On threading, racing condition...
Celery worker, distributed computing....
Real-world production grade python coding practices etc etc...
I'm a quant
Thank you for the kind words. I do have a video on threading that covers lock race conditions.
There's also many more planned, including most of what you mentioned. Stay tuned
A lot of thanks for sharing your knowledge, dude! In the 2nd example when you're getting prime numbers I didn't know that way to test if a number is prime or not (what's its name?), so I coded the classical and academic definition of primes, and when I ran it, what a surprise, 20 min., 25 min., not finished, and I question myself WTF I'm doing wrong: so when I was washing my clothes, I realized it, the classical definition is making an absurd and vast amount of divisions when testing a number prime. I reviewed the code and looked for the best optimized prime testing until a video that explains a TH-cam channel called GeeksForGeeks, which is exactly like yours but coded differently (your code is also testing negative numbers which is good), and finally I kept following your explanation and I was much glad to remember that feeling of getting stuck by a task and resolving with my own effort plus your video and the other sources. ¡Saludos desde México, estimado!

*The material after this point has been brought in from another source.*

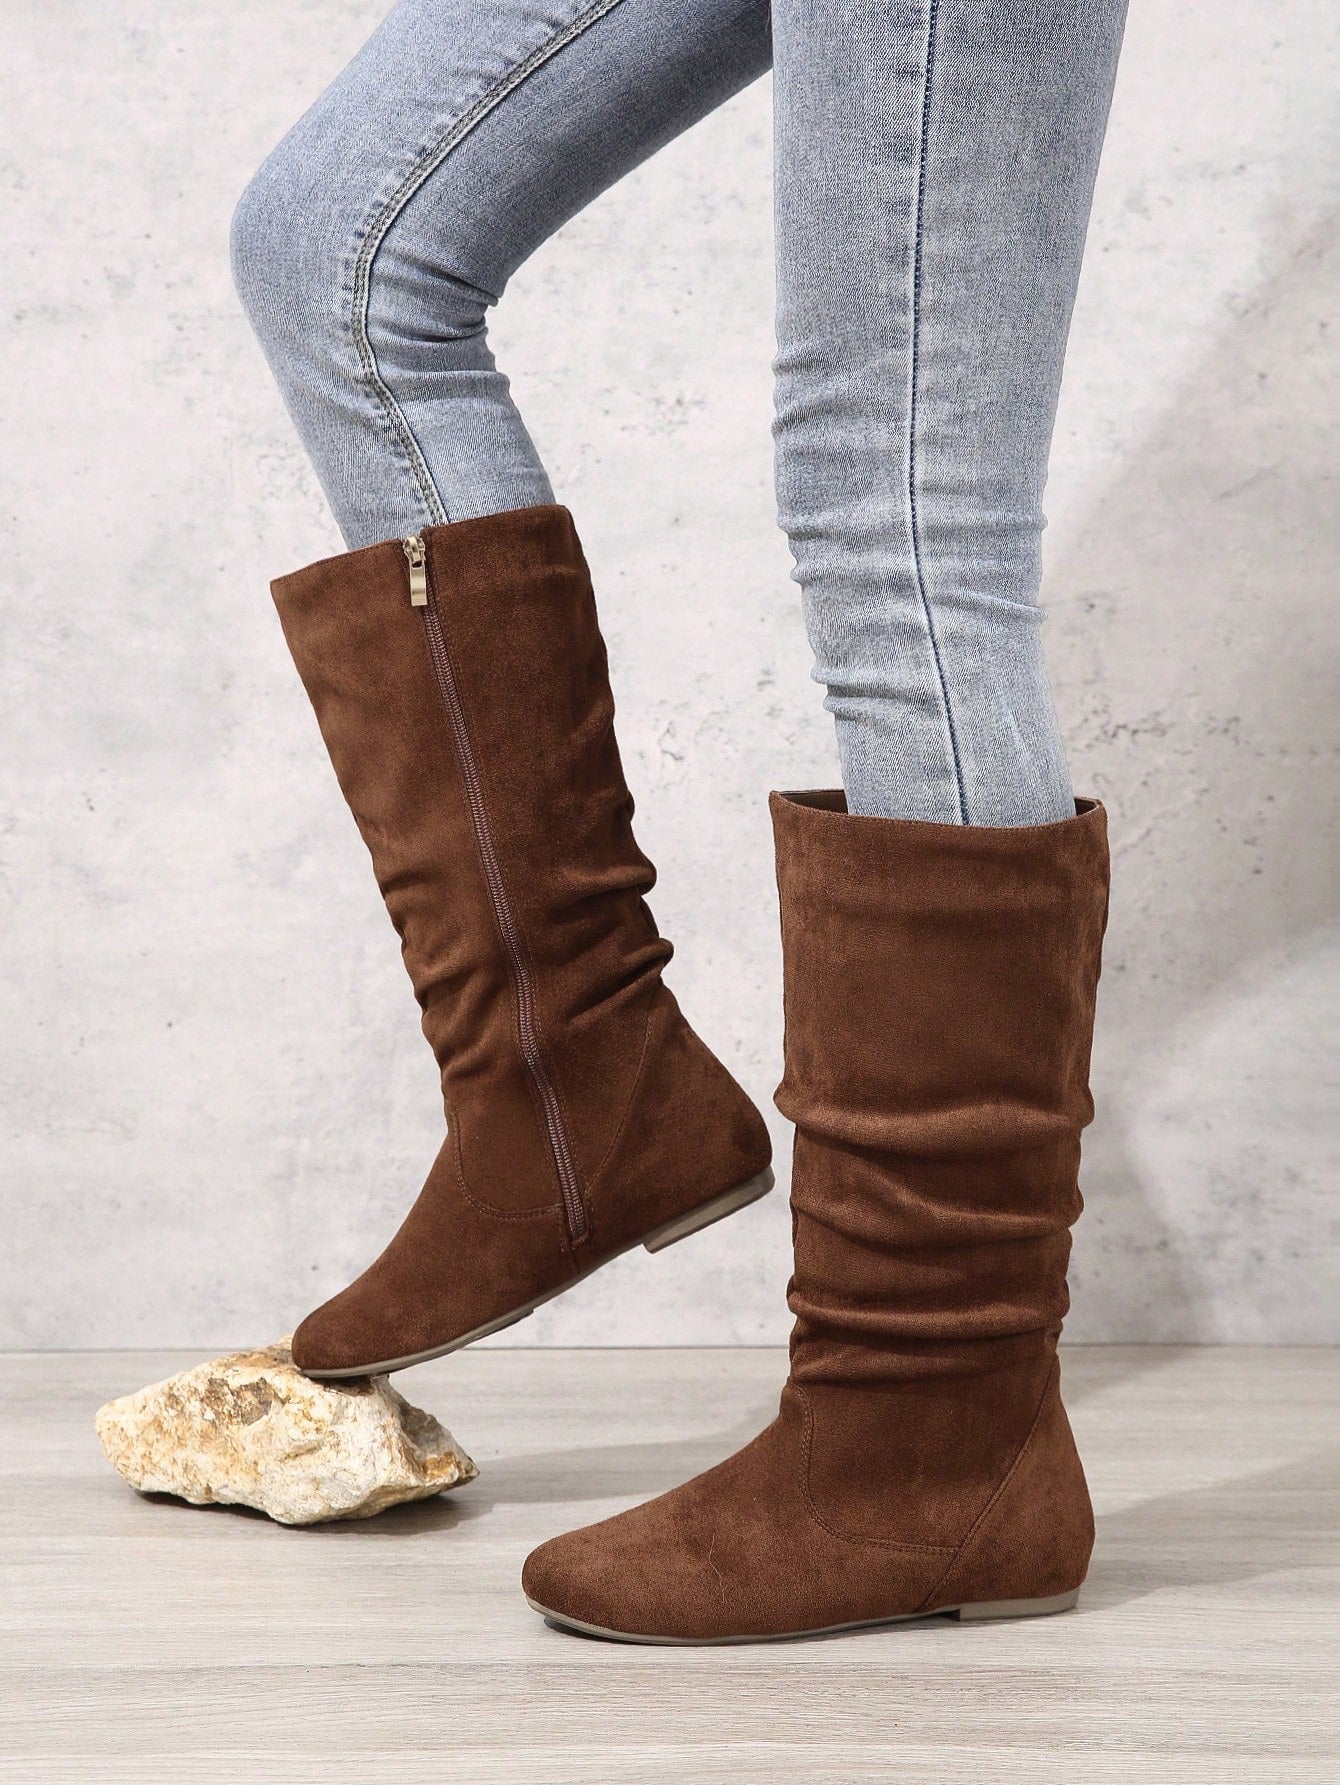 Pink Casual And Comfortable Side Zipper Round Toe Camel Pleated Fashionable Flat Women's Boots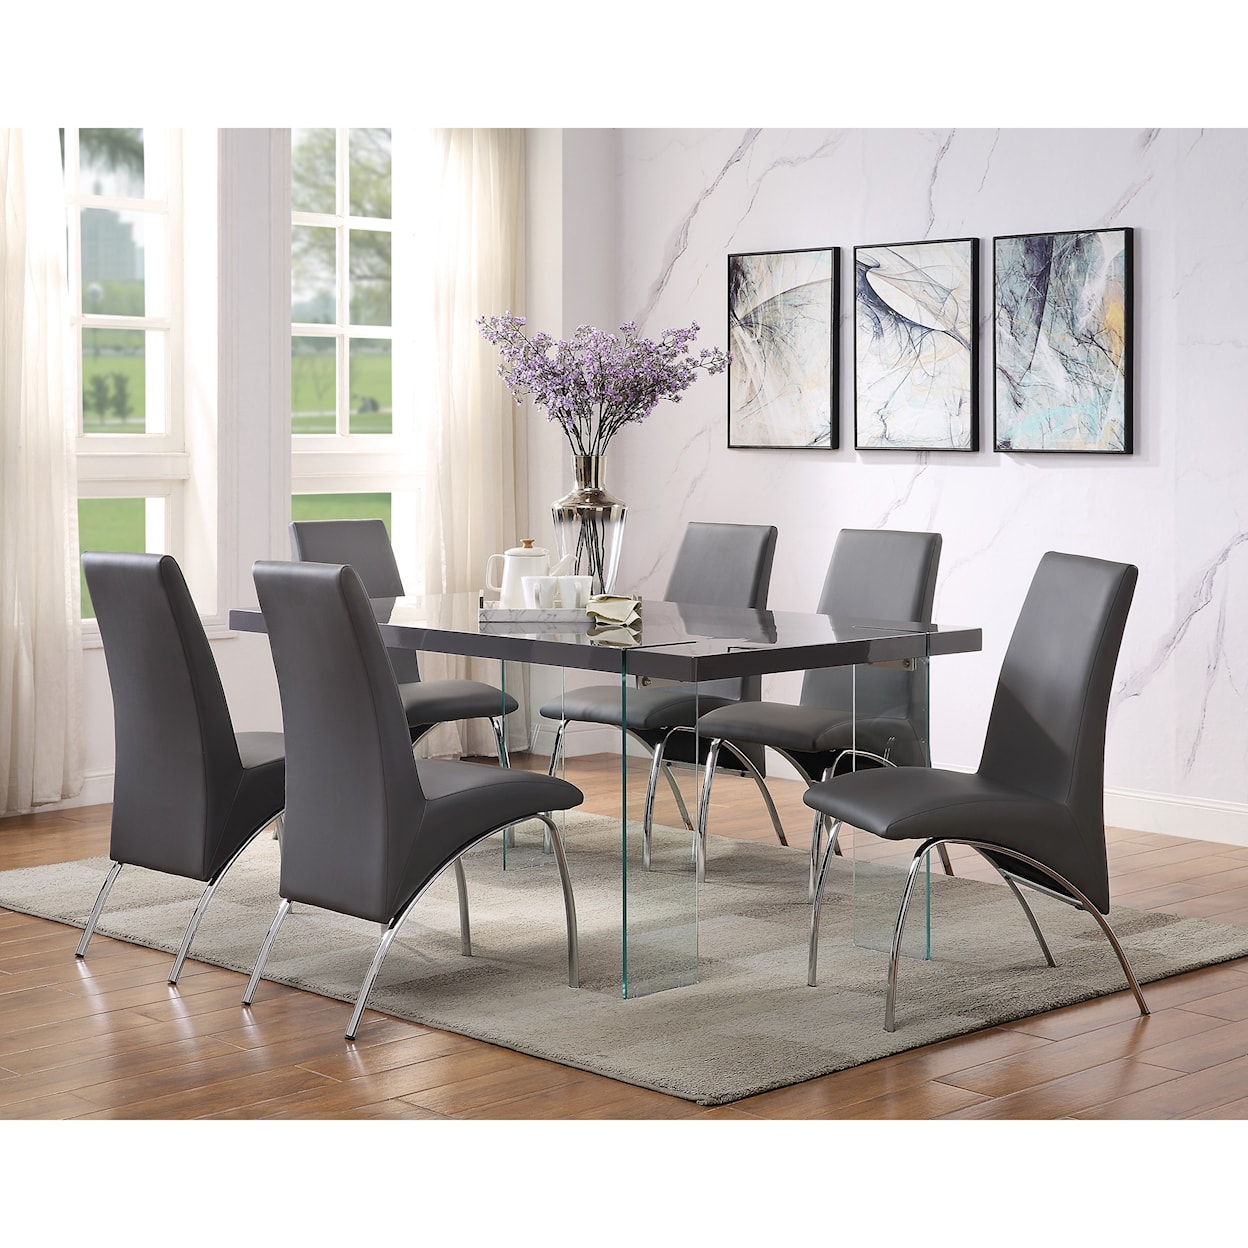 Acme Furniture Noland Dining Set with 6 Chairs

That's my favorite part of programming, developing and testing possible solutions to interesting problems. Glad you enjoyed it!
hellos . how can i calculate overhead cost of multiprocessing
Interesting and tricky question! This is likely something you'll need external tooling for. The basic idea would be to snapshot your system's python processes before and after splitting off to multiprocessing.
This is one way but, depending on what type of overhead you're wanting to measure, there would be other ways to measure.